I have an improper integral which does not have a closed-form expression.
$$p1 = 2\pi \lambda_M \int_{r=0}^{\infty} \frac{e^{- \mathcal{Z} r^2}}{1 + \mathcal{Y}r^\alpha} r \, dr$$
If I used numerical-integration using simpson's method, how can I find the ideal value of the upper limit of $r$. I am having different results for different values of $r$
On
Sub $r=\sqrt{x/Z}$ and the integral becomes
$$\frac{\pi \lambda_M}{\sqrt{Z}} \int_0^{\infty} dx \, \frac{e^{-x}}{1+Y Z^{-\alpha/2} x^{\alpha/2}} $$
Now you can use something called Gauss-Laguerre quadrature. This is where one uses the orthogonality properties of Laguerre polynomials $L_n$ to form the approximation
$$\int_0^{\infty} dx \, f(x) e^{-x} \approx \sum_{i=1}^n w_i f(x_i)$$
where
$$L_n(x_i) = 0$$
and
$$w_i = \frac{x_i}{(n+1)^2 L_{n+1}(x_i)^2} $$
Note that the Laguerre polynomial is defined as
$$L_n(x) = e^x \frac{d^n}{dx^n} (e^{-x} x^n) $$
A table of zeros may be found here.
One way is to not use an upper truncation limit at all and instead map to an integral over $(0,1)$ using a substitution such as $x=1/(1+r)$, or $r=\tan(\pi x/2)$.

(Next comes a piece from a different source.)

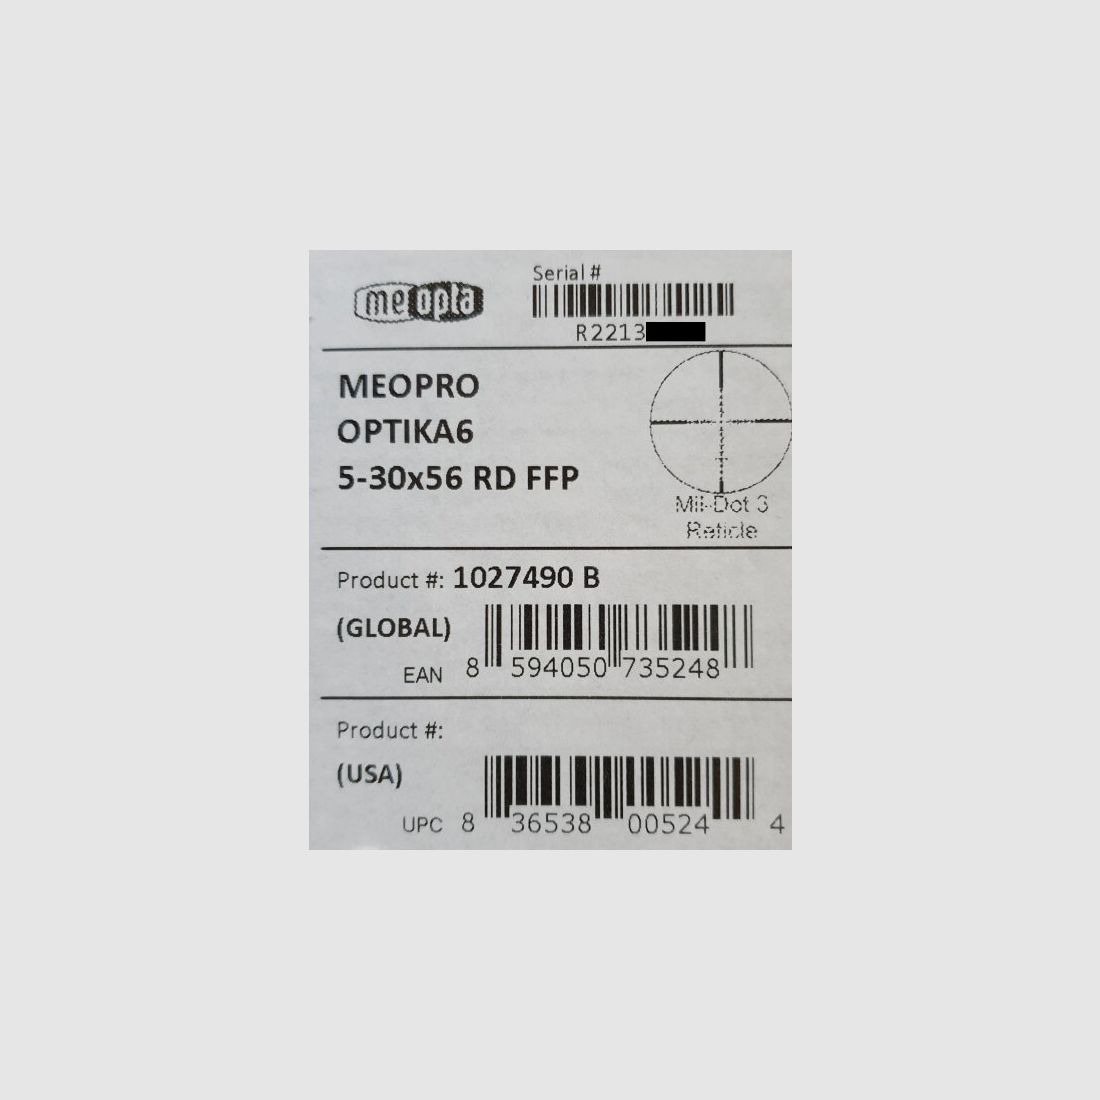 Neuware vom Fachhandel - Long Range Zielfernrohr Meopta OPTIKA6 5-30x56 RD FFP Absehen MilDot-3 LK

Another way is to note that the integrand is bounded by $e^{-\mathcal{Z} r^2}$ (assuming $\mathcal{Y} \geq 0$ so that everything makes sense). This combined with some familiar estimates for tails of the normal distribution allows you to show that the tail of your integral (without the coefficient in front) is bounded by $e^{-\mathcal{Z} R^2}$.
Still another way would be to use Gauss-Hermite quadrature (which would converge quite rapidly if $\mathcal{Y}$ isn't too large).